BEGIN

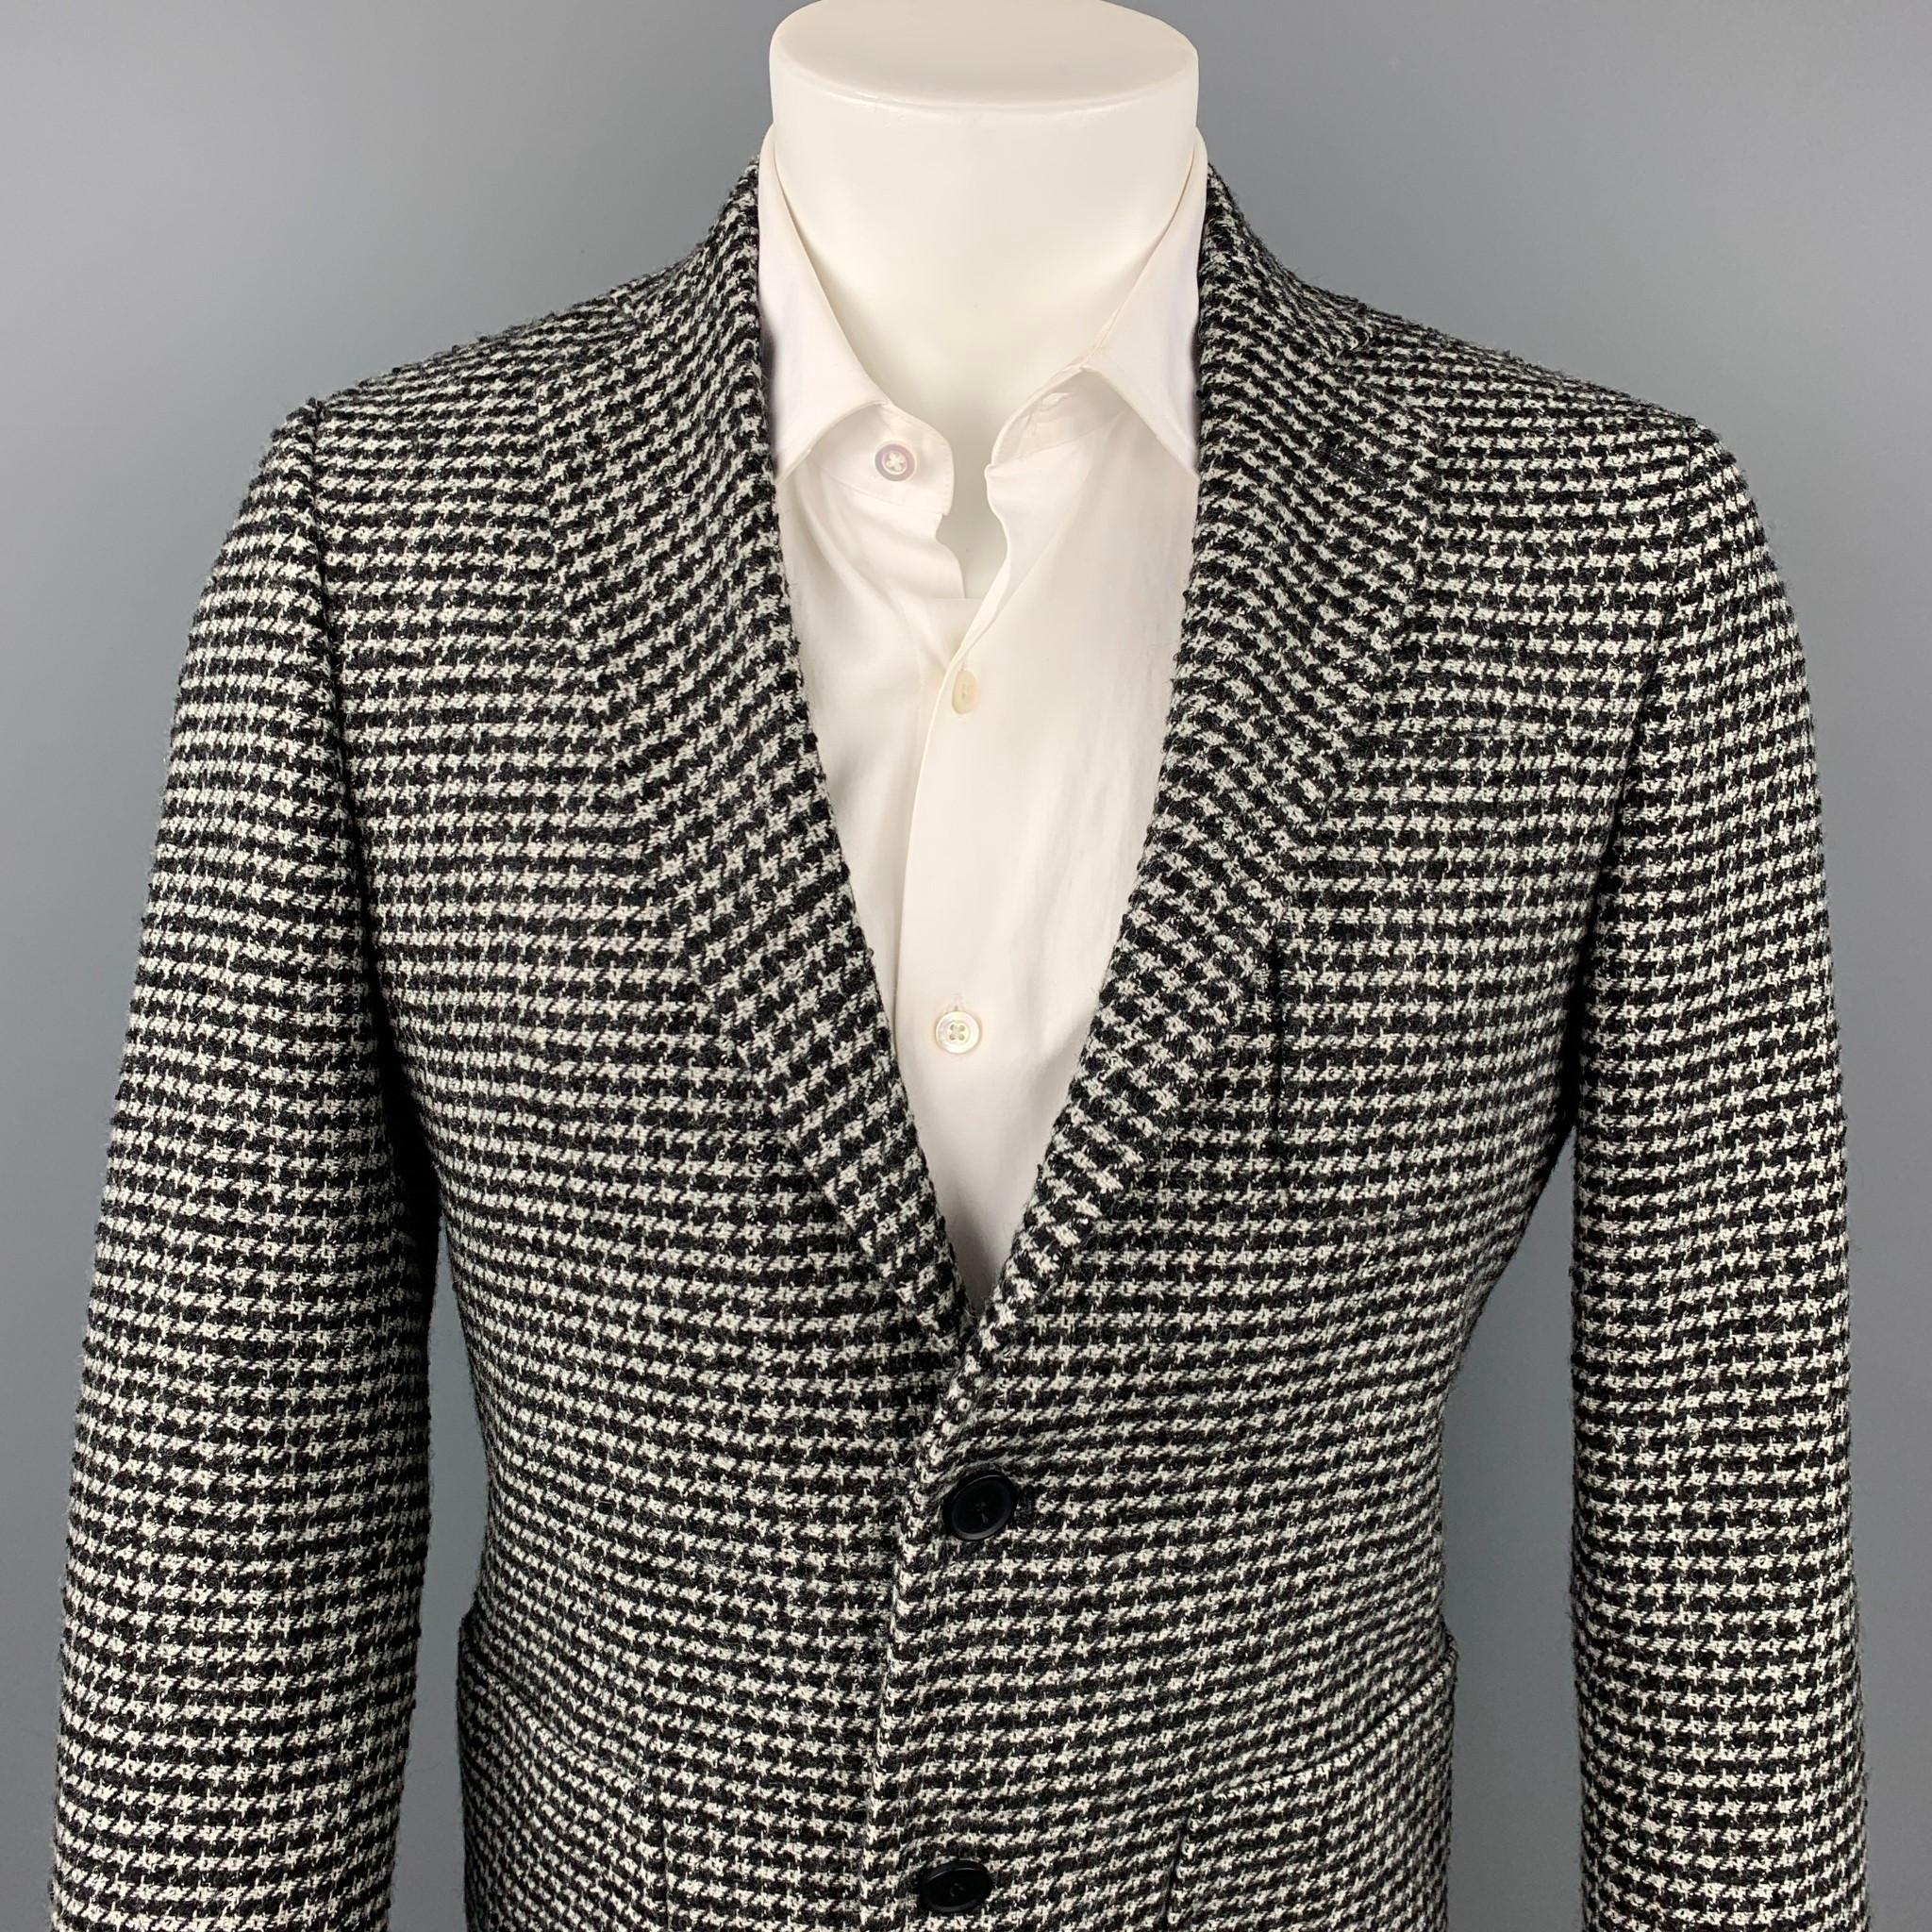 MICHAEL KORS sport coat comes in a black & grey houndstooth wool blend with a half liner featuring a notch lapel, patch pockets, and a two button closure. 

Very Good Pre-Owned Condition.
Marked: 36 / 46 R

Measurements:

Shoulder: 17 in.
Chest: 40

END

Required work: Each line from the one containing "Marked: 36 / 46 R" to the last line above must be returned exactly, and no line outside that range.

The completed task:
Marked: 36 / 46 R

Measurements:

Shoulder: 17 in.
Chest: 40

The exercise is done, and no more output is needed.